DiPietro discussed his education and career in a chemistry presentation, which was jointly sponsored by SJCC’s Society for Advancement of Chicanos and Native Americans in Science and the American Chemical Society, to community members, faculty and students in the Science Building on April 20.

Using anecdotes and humor, DiPietro talked about his career’s opportunities, such as being challenged to figure out the best way to cool beer on the TV show “MythBusters.”

The “MythBusters” team “was maintaining that the best way to cool a beer was with a CO2 fire extinguisher, and I maintained at that time that the best way to do it was with liquid nitrogen,” DiPietro said. “By the time mine was done and his was done, mine was a solid brick of beer.”

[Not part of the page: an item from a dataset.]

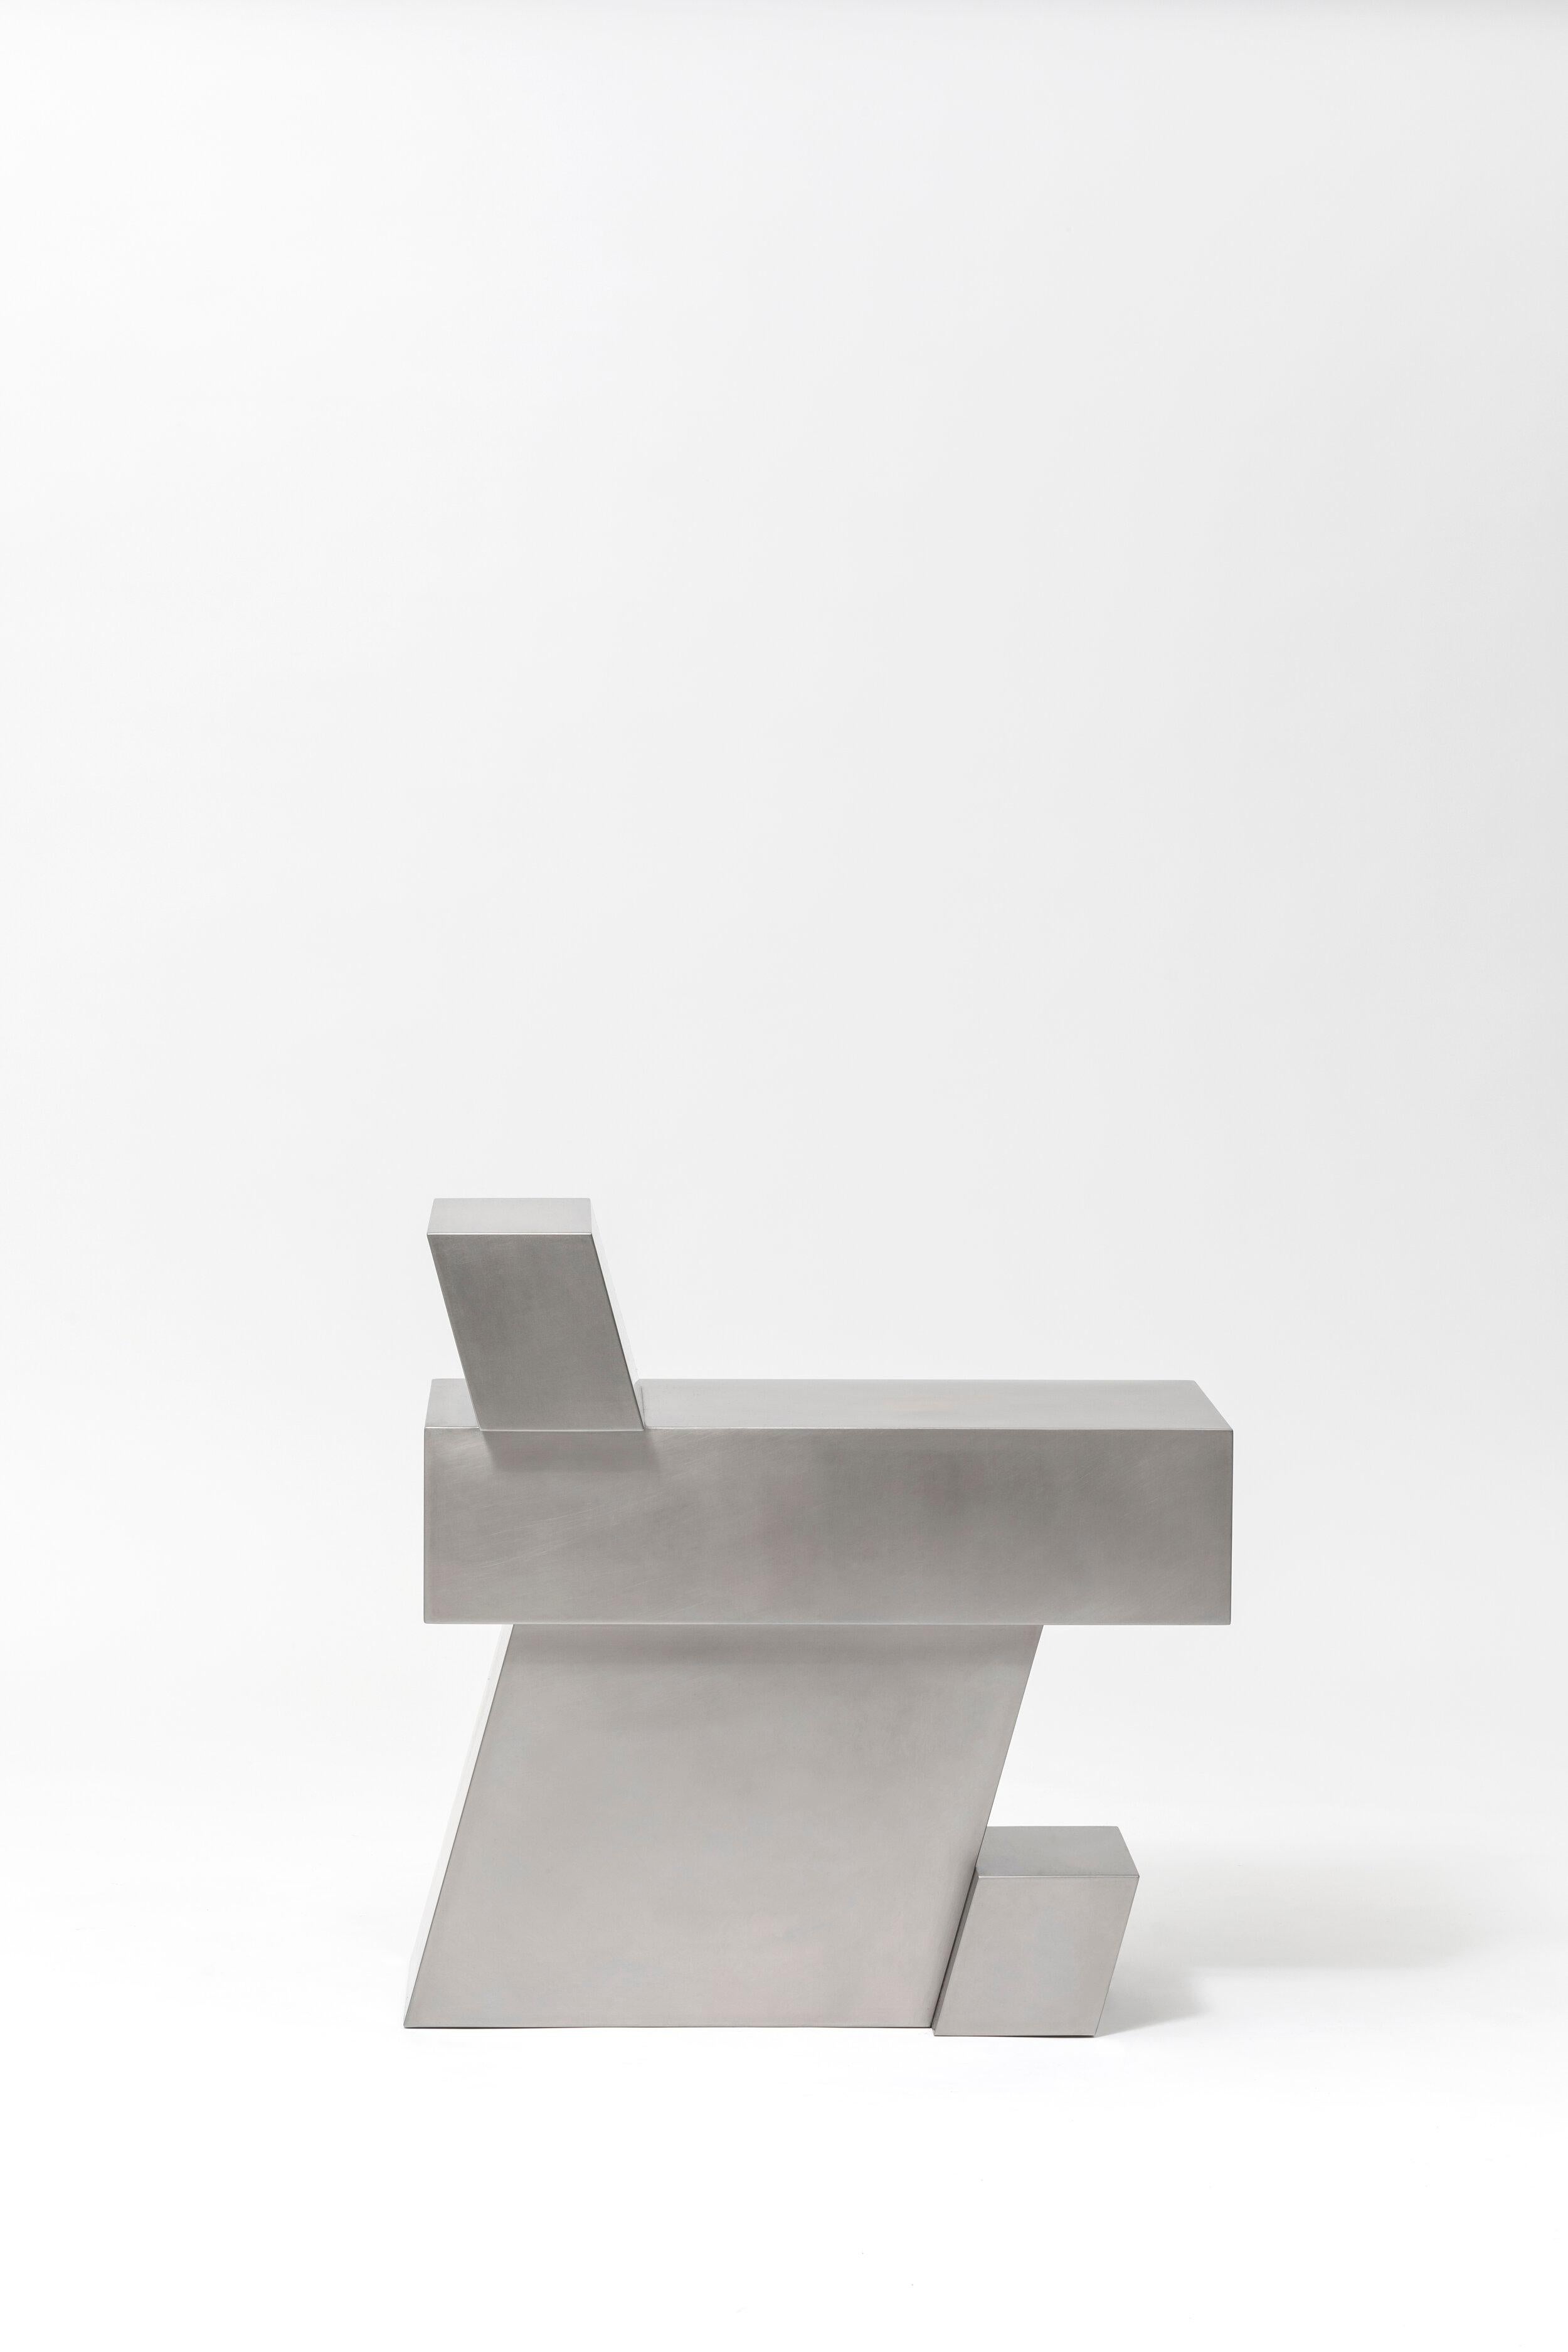 Korean Layered Steel Seat XVI by Hyungshin Hwang For Sale

DiPietro’s eclectic background is one of the reasons SJCC chemistry instructor and SACNAS adviser Jose Cabrera asked DiPietro to present at SJCC.

He has “really interesting work coupled with a connection with students,” Cabrera said. “I thought they’d be ingredients for a very entertaining and intellectually stimulating presentation.”

DiPietro’s interest in chemistry began at 7 years old with a chemistry set and eventually materialized into a synthetic medicinal chemistry Ph.D. from the University of Michigan.

After completing his education, DiPietro worked with steroidal materials and cyclic polypeptides, which are compounds used in medications, before being asked to work at IBM.

DiPietro’s work at IBM revolved around circuitry, where wires can be as close as 22 nanometers apart, which is one thousandth the diameter of a strand of hair on an ant.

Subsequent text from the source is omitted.